Afin de mesurer l'identification d'un individu à un groupe, Tropp a créé "The Inclusion of Ingroup in the Self (ISS) measure". Pour cela, il se réfère à une échelle créée par Aron et ses collègues pour une recherche sur les relations proches: The Inclusion of Other in the Self (IOS) (Aron et al., 1992). Elle consiste en une série de sept diagrammes de Venn, avec des

7Traduction de Della Luce

paires de cercles qui varient dans leur degré de chevauchement. Un des cercles symbolise l'individu et l'autre symbolise le groupe spécifique qui nous intéresse (et non pas simplement l'"autre" comme dans la mesure de Aron et al. (1992)). Les personnes interrogées doivent sélectionner la paire des cercles qui représentent leur niveau d'identification avec un groupe donné.

La mesure de Tropp présente deux principaux intérêts.

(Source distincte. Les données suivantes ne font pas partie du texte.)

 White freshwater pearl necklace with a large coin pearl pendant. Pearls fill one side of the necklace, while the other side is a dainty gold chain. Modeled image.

Le premier est que les différents chevauchements de cercles sont plus représentatifs du principe d'inclusion du groupe dans le soi qu'une série d'items écrits. La représentation visuelle est plus parlante pour les personnes interrogées. Le second est qu'en tant que mesure avec un seul item, l'ISS peut être facilement adaptée pour une variété d'adhésions de groupe et peut être administrée plus rapidement qu'une mesure avec plusieurs items, la rendant particulièrement utile pour les contextes de recherches où le temps est limité où pour les études impliquant plusieurs adhésions de groupe.

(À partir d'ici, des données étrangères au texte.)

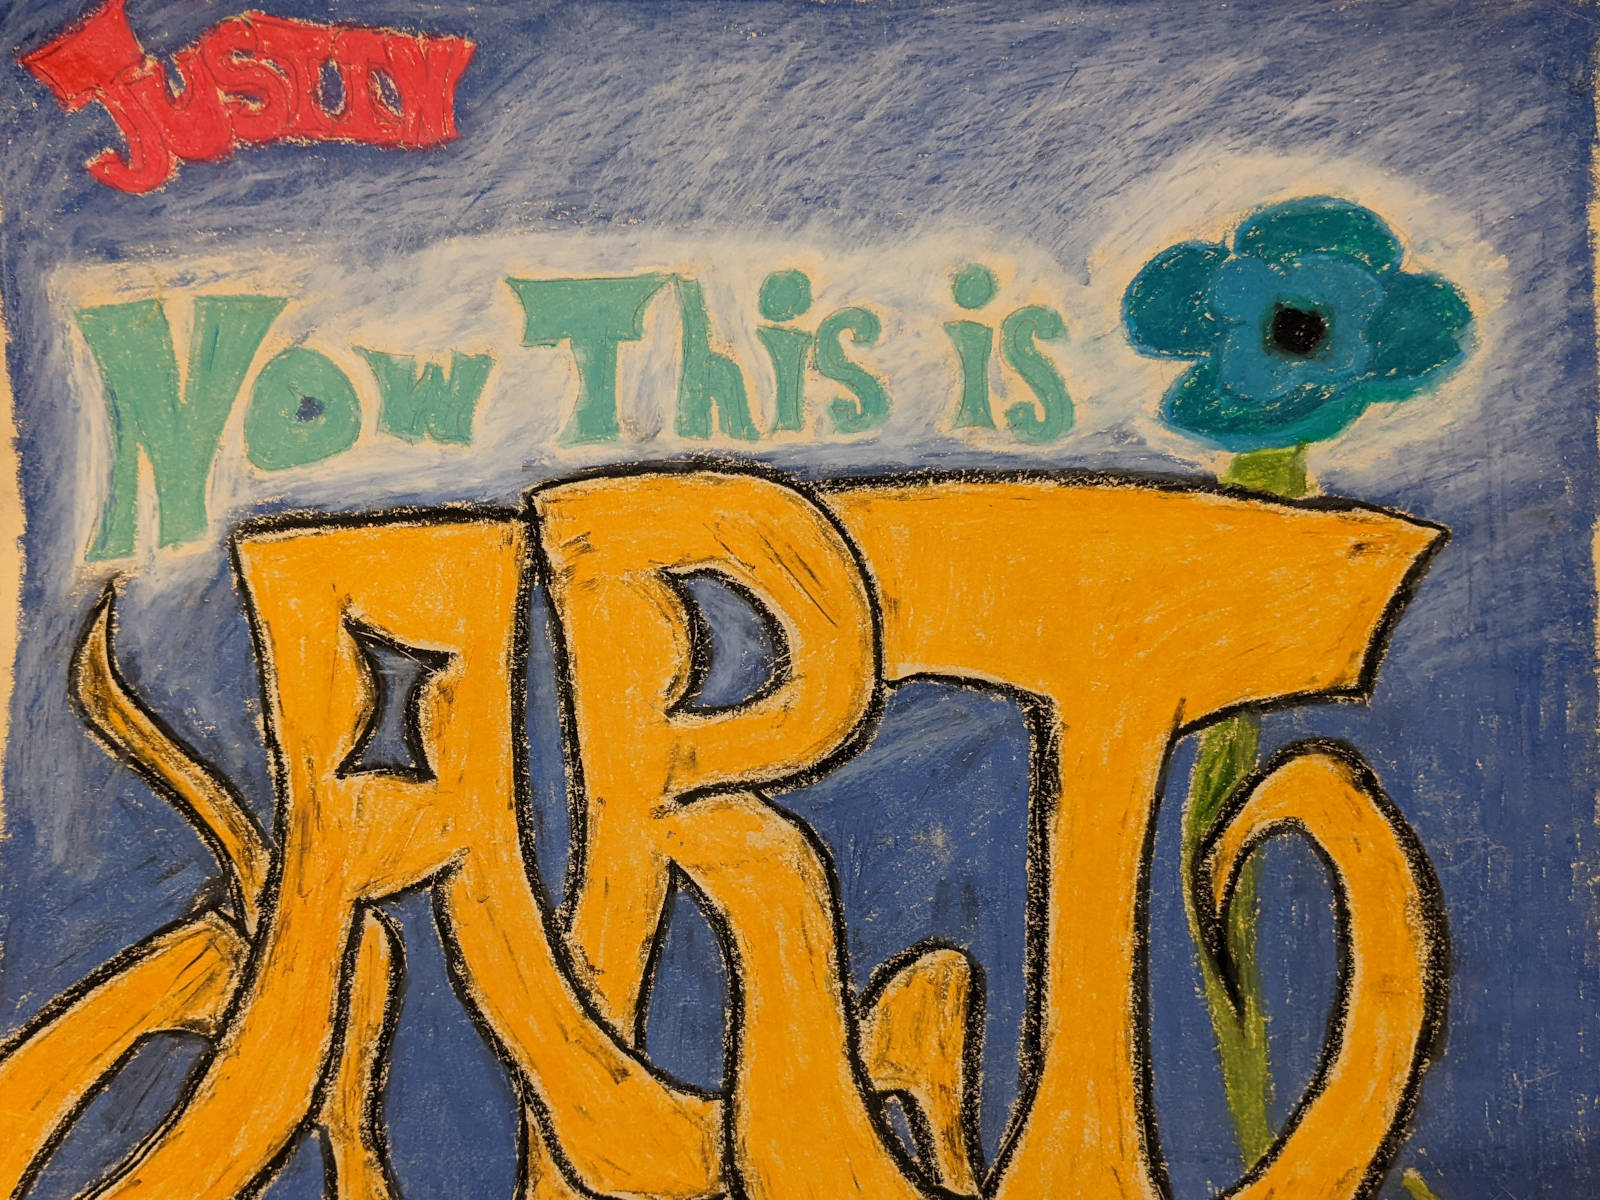 Colorful drawing with the name "Justin" at the top, followed by the phrase "Now This Is Art."

Si l'ISS inclut une composante linguistique dans ses instructions écrites, les résultats d'une étude menée par Tropp et al. indiquent que la mesure ISS est solide puisqu'il n'y a pas de différences significatives malgré trois formulations différentes. Quatre études menées par Tropp et al. ont démontré que l'ISS est une mesure valide et fiable pour évaluer l'inclusion du groupe dans le soi, fournissant un support pour cette conceptualisation de l'identification au groupe.

Nous utiliserons cette mesure d'identification groupale afin de mesurer l'identification des élèves à différents groupes particuliers, en lien avec leur statut d'élève.